Re: Inbound NAT, multiple ISP's traffic flow
you need to mark connections, mark packets, and then mark routing. in your example below you are not marking packets, only connections, which is pretty much just the SYN packets.
Re: Inbound NAT, multiple ISP's traffic flow
Where you refering to my post? I just noted that i do not have a rule for each wan interface, i bundled them all together and i was nor sure if it made any differece.you need to mark connections, mark packets, and then mark routing. in your example below you are not marking packets, only connections, which is pretty much just the SYN packets.
Re: Inbound NAT, multiple ISP's traffic flow
add action=mark-connection chain=forward comment=\
"New packets from Wan Interfaces" connection-state=new disabled=no \
in-interface=ether2 new-connection-mark="New Incoming Eth2" passthrough=\
no
add action=mark-packet chain=prerouting comment="" connection-mark=\
"New Incoming Eth2" disabled=no new-packet-mark="New Incoming Eth2" \
passthrough=no
add action=mark-routing chain=prerouting comment=\
"New packets to Wan Interfaces" disabled=no new-routing-mark=\
"New Outgoing Eth2" packet-mark="New Incoming Eth2" passthrough=no
You mean something like this? This does not work too. Tried with connection-state=new and without it.
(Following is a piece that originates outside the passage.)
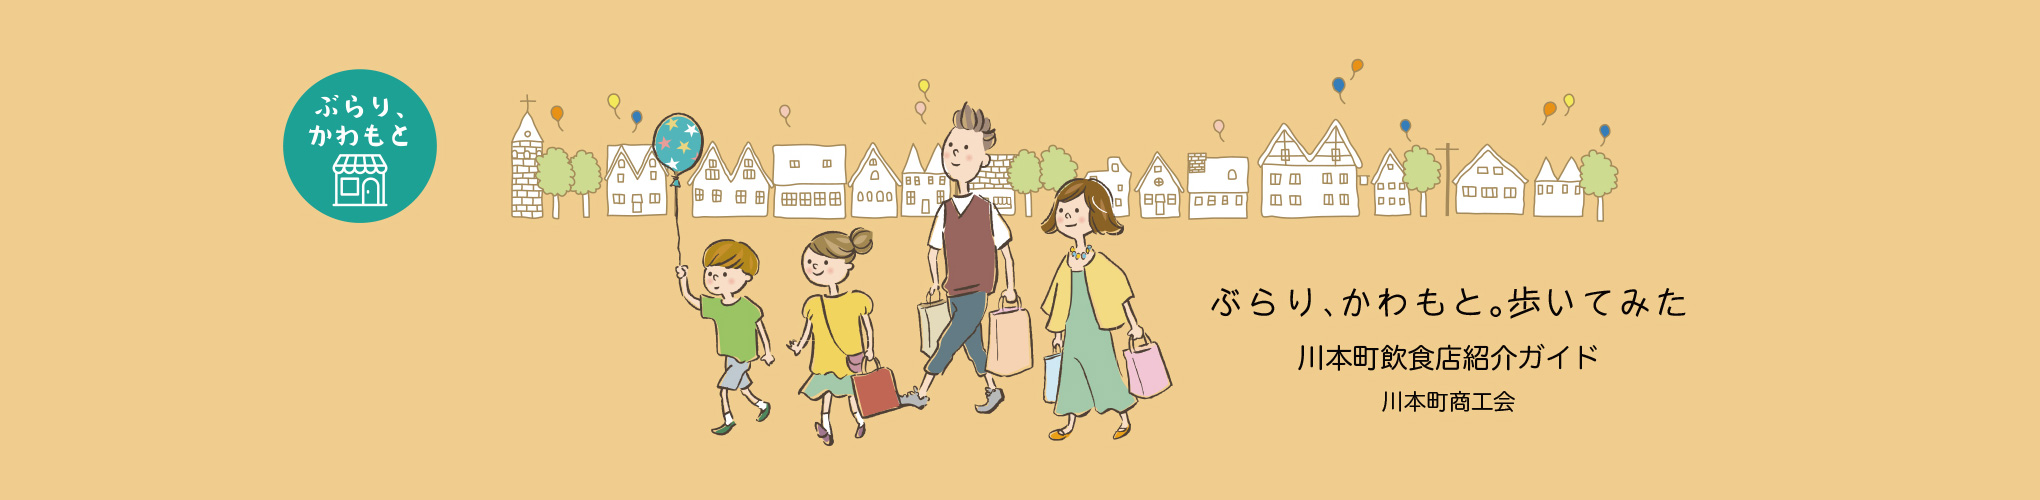 ぶらり、かわもと。歩いてみた 川本町飲食店紹介ガイド 川本町商工会

Without it i noticed that the counters are exactly the same for packet mark and packet routing. I still cannot connect though.
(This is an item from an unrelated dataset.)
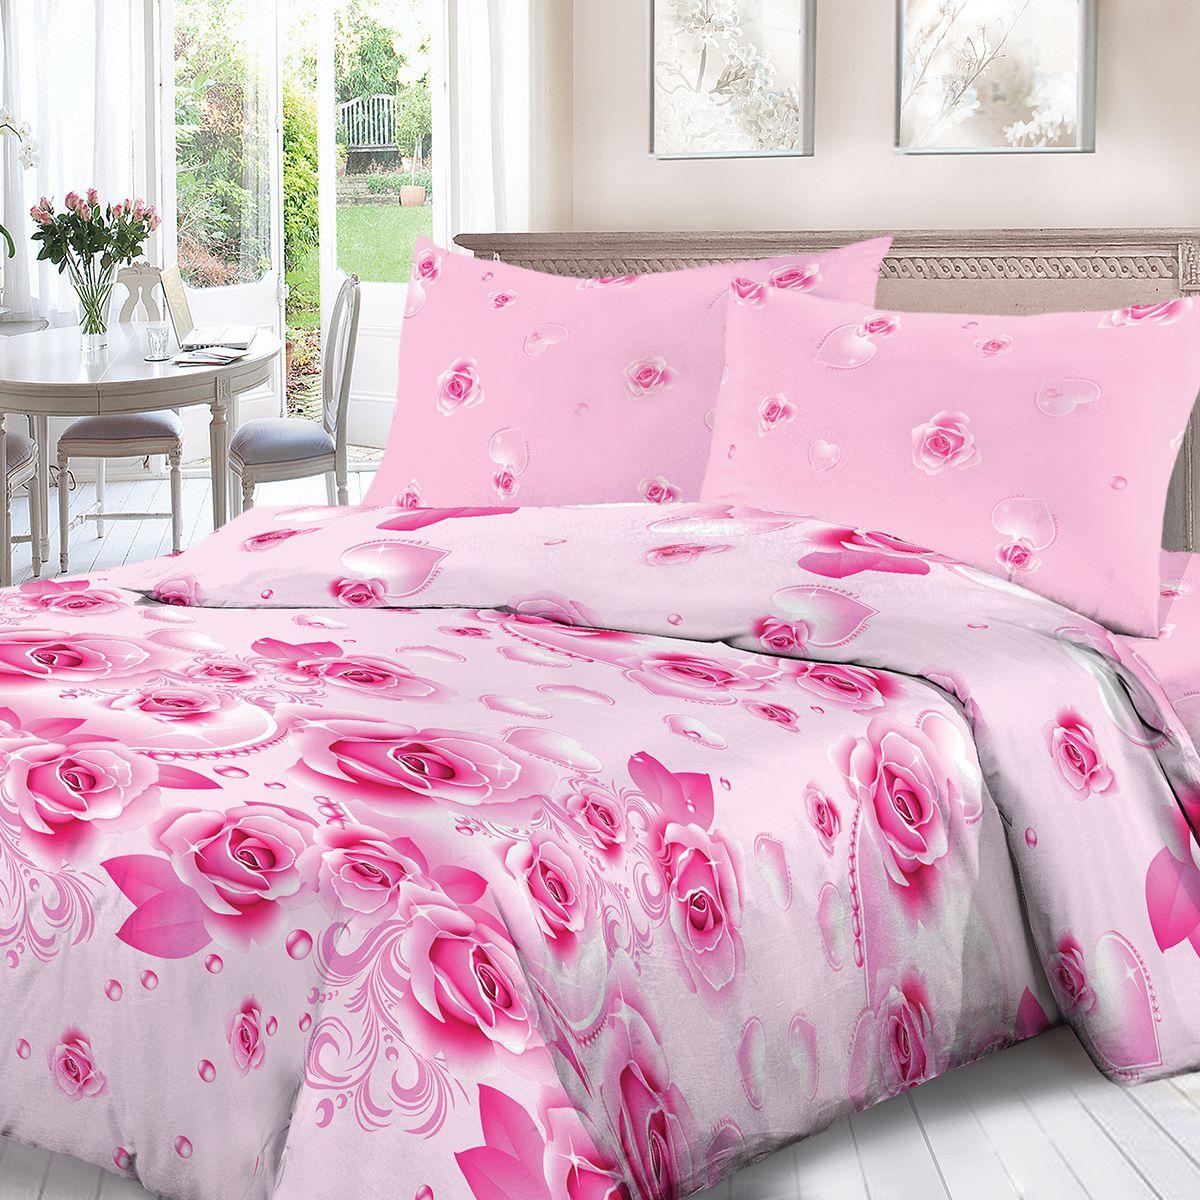 Комплект белья Для Снов Розовый жемчуг, 1,5 спальное, наволочки 70x70, цвет: розовый. 1553-186449

Tried every possible variation with prerouting and forward.
"New packets from Wan Interfaces" connection-state=new disabled=no \
in-interface=ether2 new-connection-mark="New Incoming Eth2" passthrough=\
no
add action=mark-packet chain=prerouting comment="" connection-mark=\
"New Incoming Eth2" disabled=no new-packet-mark="New Incoming Eth2" \
passthrough=no
add action=mark-routing chain=prerouting comment=\
"New packets to Wan Interfaces" disabled=no new-routing-mark=\
"New Outgoing Eth2" packet-mark="New Incoming Eth2" passthrough=no
You mean something like this? This does not work too. Tried with connection-state=new and without it. Without it i noticed that the counters are exactly the same for packet mark and packet routing. I still cannot connect though.
Tried every possible variation with prerouting and forward.
Re: Inbound NAT, multiple ISP's traffic flow
change the first rule to prerouting. change all rules to passthru=yes
Sam
Sam
Re: Inbound NAT, multiple ISP's traffic flow
Tried that. Seems to work, but:
1. I cannot access the gateway itself. If I exclude the gateway's ip from the first rule, then I can access it. Any thoughts on this?
2. If the default route is down, it stops working.
1. I cannot access the gateway itself. If I exclude the gateway's ip from the first rule, then I can access it. Any thoughts on this?
2. If the default route is down, it stops working.
Re: Inbound NAT, multiple ISP's traffic flow
did you basically duplicate your main routing table in the 'New Outgoing Eth2' routing table? you need to add the connected routes into that table as well as the alternate default gateway. I think you might also need a single mangle output chain rule to catch the traffic from the router itself (pings to router).
Re: Inbound NAT, multiple ISP's traffic flow
i guess its time for me to make a screen video and post it : )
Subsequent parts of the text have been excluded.